# Tabular-Only Approach

In [7]:
import pandas as pd
import numpy as np
from sklearn.model_selection import train_test_split, cross_val_score
from sklearn.preprocessing import StandardScaler, OneHotEncoder
from sklearn.compose import ColumnTransformer
from sklearn.pipeline import Pipeline
from sklearn.ensemble import RandomForestRegressor
import xgboost as xgb
import lightgbm as lgb

In [12]:
# Load the dataset
train_df = pd.read_csv('train.csv')
test_df = pd.read_csv('test.csv')

# Drop rows with missing performance_score (target)
train_df = train_df.dropna(subset=['performance_score'])

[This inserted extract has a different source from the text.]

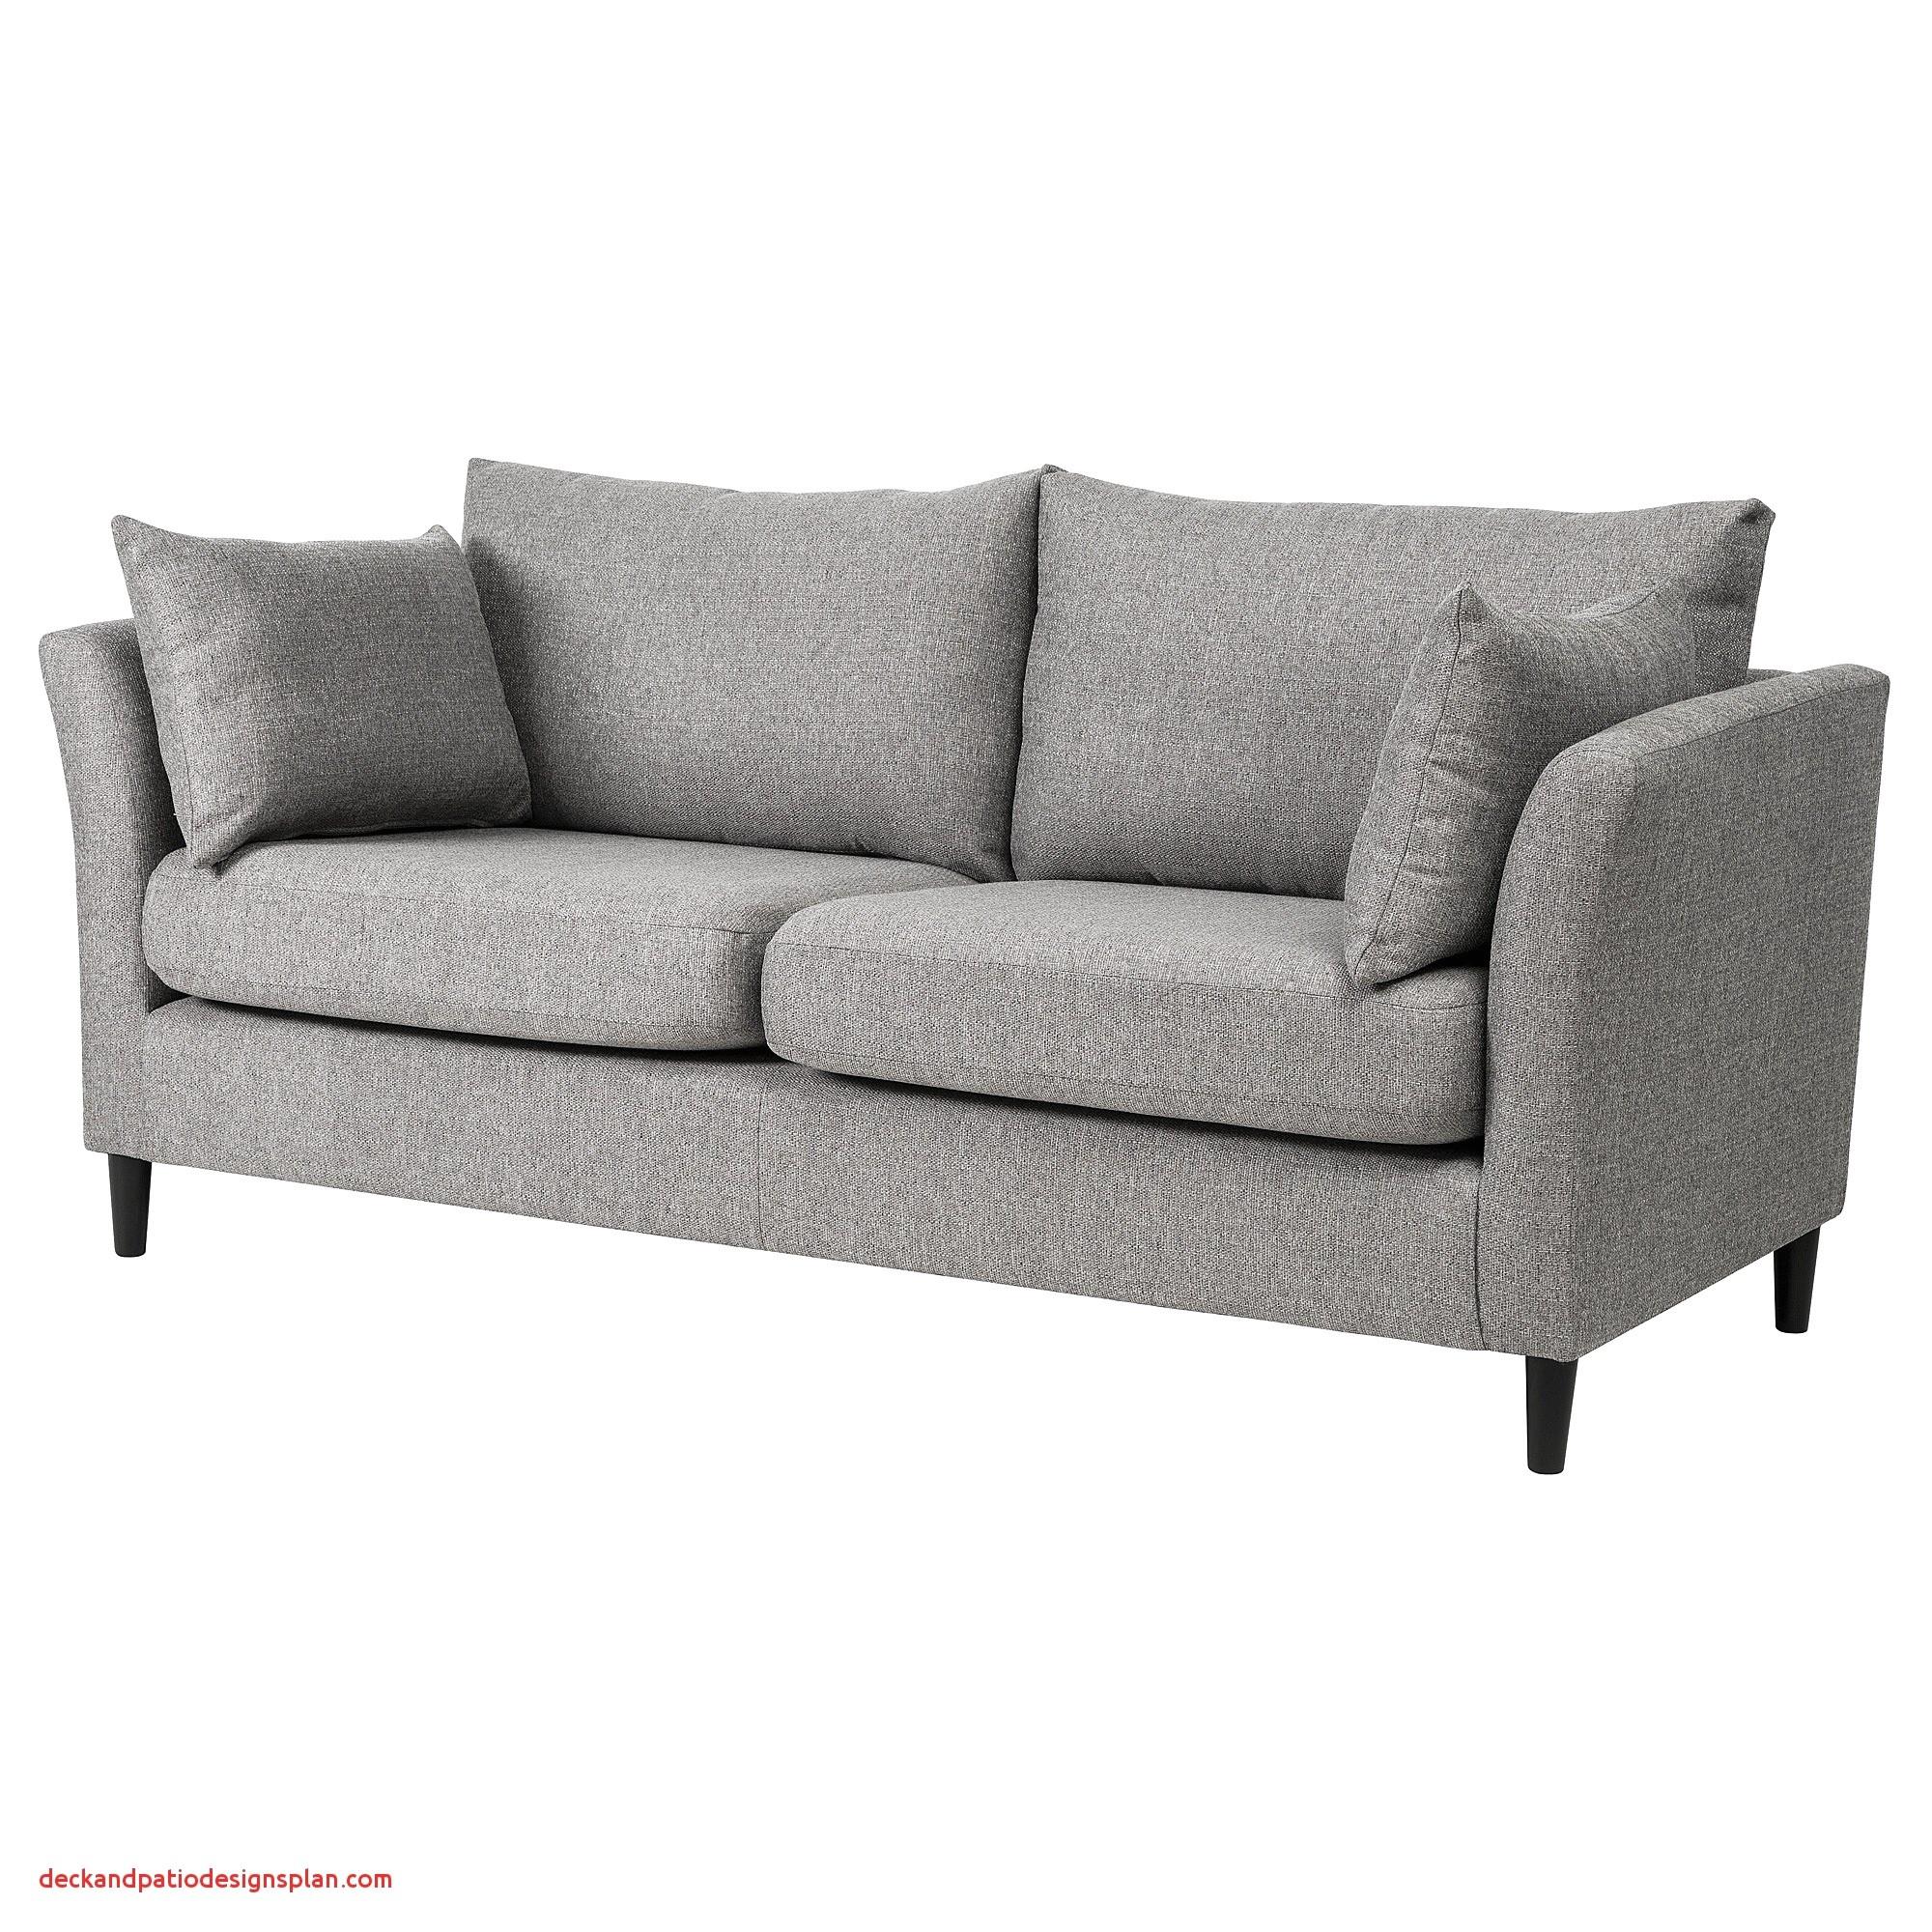 ikea karlstad schlafsofa neu ikea stockholm lampe sofa bed ikea usa lovely wicker outdoor sofa 0d

# Define features and target
X = train_df.drop(columns=['performance_score'])
y = train_df['performance_score']

In [13]:
# Identify column types
numerical_cols = X.select_dtypes(include=['int64', 'float64']).columns.tolist()
categorical_cols = X.select_dtypes(include=['object']).columns.tolist()

# Preprocessing pipeline
preprocessor = ColumnTransformer([
    ('num', StandardScaler(), numerical_cols),
    ('cat', OneHotEncoder(handle_unknown='ignore'), categorical_cols)
])

# Model training function
def train_model(model, X, y):
    pipeline = Pipeline([
        ('preprocessor', preprocessor),
        ('model', model)
    ])
    scores = cross_val_score(pipeline, X, y, cv=5, scoring='neg_mean_squared_error')
    print(f'Model: {model.__class__.__name__}, RMSE: {np.sqrt(-scores.mean())}')
    return pipeline.fit(X, y)

# Train models
rf_model = train_model(RandomForestRegressor(n_estimators=100, random_state=42), X, y)
# xgb_model = train_model(xgb.XGBRegressor(n_estimators=100, random_state=42), X, y)
# lgb_model = train_model(lgb.LGBMRegressor(n_estimators=100, random_state=42), X, y)

# Predict on test data
def predict_and_save(model, test_df, filename):
    predictions = model.predict(test_df)
    submission = pd.DataFrame({'id': test_df['id'], 'performance_score': predictions})
    submission.to_csv(filename, index=False)

Model: RandomForestRegressor, RMSE: 3.4807728142083576


In [None]:
predict_and_save(rf_model, test_df, 'submission_rf.csv')
# predict_and_save(xgb_model, test_df, 'submission_xgb.csv')
# predict_and_save(lgb_model, test_df, 'submission_lgb.csv')